The switching means may be a transistor with the gate drive means providing the half sine wave output signal to the gate of the transistor. The resonant circuit is adapted to be configured between the operating frequency of the input signal and about twice the operating frequency to thereby provide a duty cycle of between about 50 percent and about 25 percent. Essentially, a driver inductance and capacitance of the resonant circuit are adapted to be configured to control the duty cycle based upon a drive frequency. The driver inductance of the resonant circuit may comprise a transformer, and in this construction, may be adapted to be configured to provide a duty cycle of between about 50 percent and about 75 percent.
A DC bias means further may be provided to control the DC level of the circuit. The resonant circuit may comprise, for example, a class E single ended resonant circuit capacitivly coupled to the gate of the switching means. A hard switch, such as a logic gate, may be included for providing the input signal. The relatively low power required at this input results in the power lost, and hence dissipation, in the logic gate to not be excessive.
In another embodiment, a resonant drive circuit of the present invention providing improved independent amplitude and duty cycle control without loss of power at higher operating frequencies includes a MOS controlled device (e.g., transistor) to be switched to provide a duty cycle of between about 25 percent and about 50 percent. A resonant drive circuit capacitivly coupled to a gate of the MOS controlled device is also included and provides from a square-wave input signal, a half sine wave output signal for driving the MOS controlled device. The resonant drive circuit is adapted for operation between an operating frequency of a driven device (e.g., MOS gated power device) and about twice the operating frequency, defined by the input signal.
A driver inductance and capacitance of the resonant drive circuit are configurable to provide the duty cycle of between about 25 percent and about 50 percent. A DC bias may be provided to control the DC level of the half sine wave signal. The resonant circuit may include a transformer for providing the driver inductance. A hard switched input device may be included for providing the input signal.

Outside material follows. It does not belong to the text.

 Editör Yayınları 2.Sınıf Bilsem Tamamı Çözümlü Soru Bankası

A method of the present invention for controlling the amplitude and duty cycle of a drive circuit without losing power at higher operating speeds includes receiving a square wave input signal, producing a half sine wave output signal from the square wave input signal using a resonant circuit capacitivly coupled to a switching a device, and configuring the resonant circuit to operate at a duty cycle of between about 25 percent and about 50 percent. DC bias also may be provided to the resonant circuit.

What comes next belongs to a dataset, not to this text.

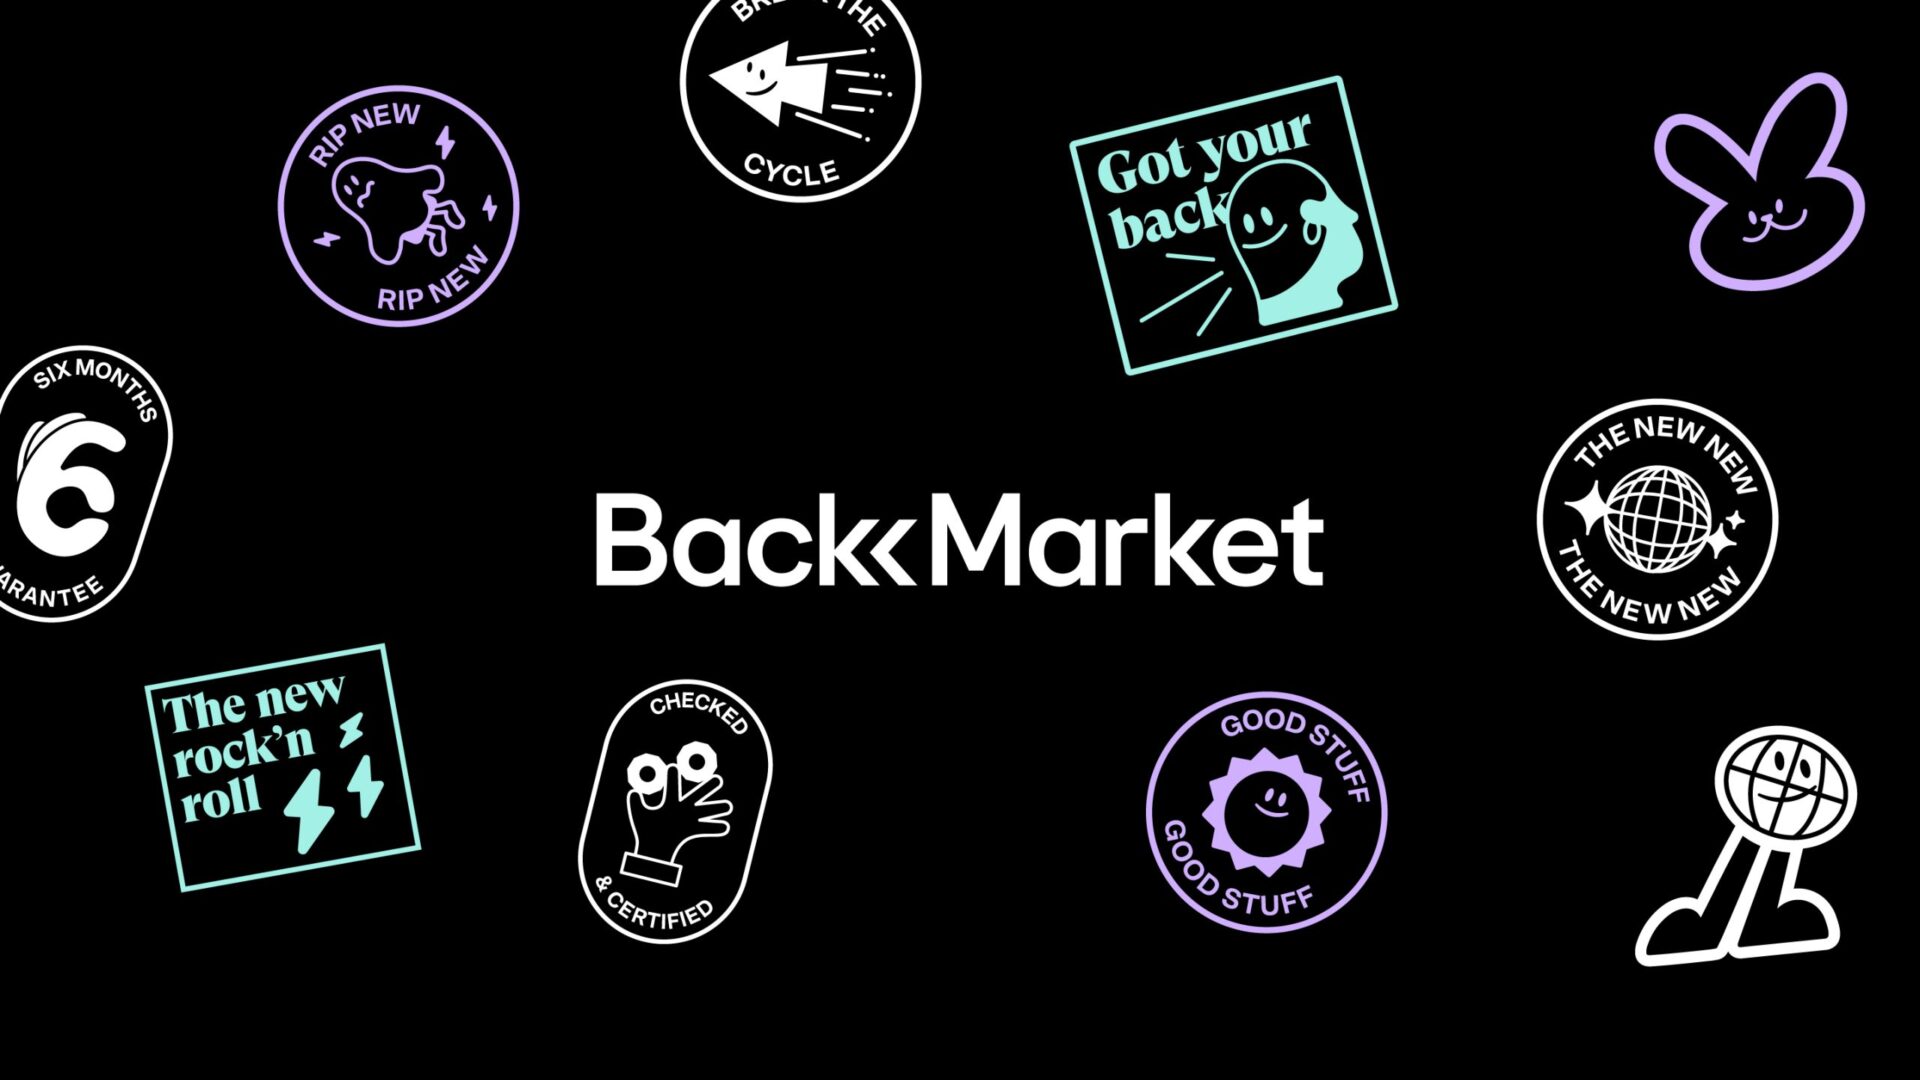 Back Market Business Model | The Brand Hopper

The method further may include recycling through the resonant circuit a gate charge of the device being switched. A transformer also may be used in connection with the resonant circuit to add isolation or invert the drive waveform for 50 to 75 percent duty operation.

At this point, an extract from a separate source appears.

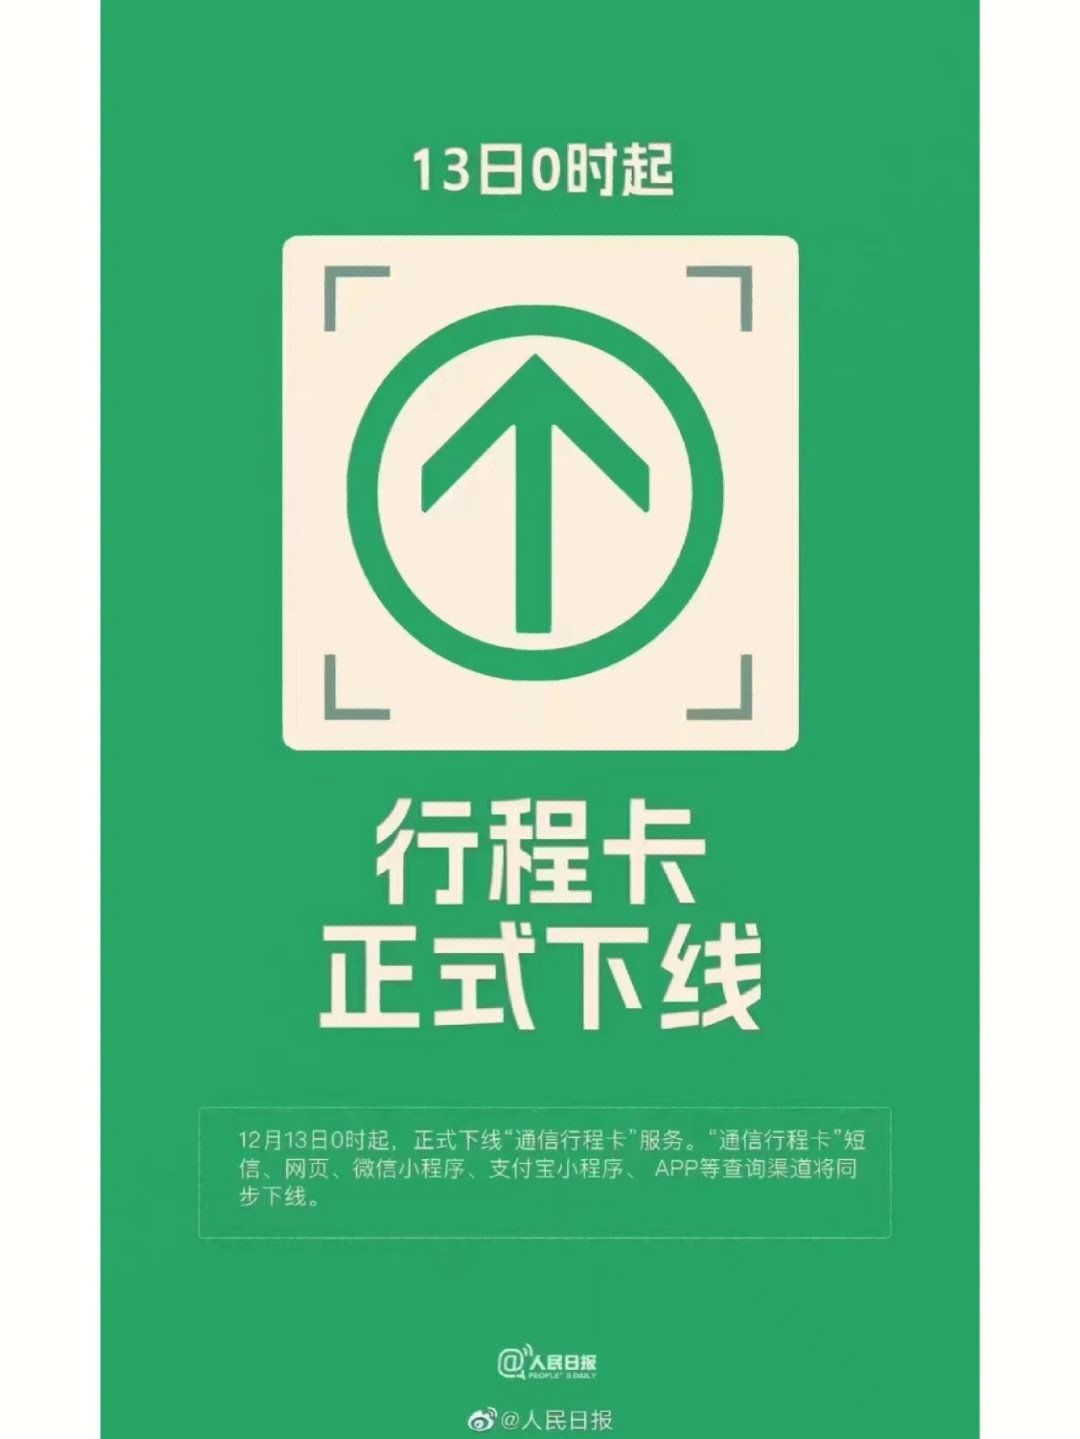 绿色行程卡二维码图片

Thus, the present invention provides a resonant drive circuit and method of providing the same that is capable of operation over a greater duty cycle range (i.e., from about 25 percent to about 50 percent) without experiencing power loss at higher frequencies. Through the adjustment of components within the resonant circuit, an appropriate duty cycle may be provided for driving a switching device, such as, for example, a MOS gated power device.
Further areas of applicability of the present invention will become apparent from the detailed description provided hereinafter. It should be understood that the detailed description and specific examples, while indicating the preferred embodiments of the invention, are intended for purposes of illustration only and are not intended to limit the scope of the invention.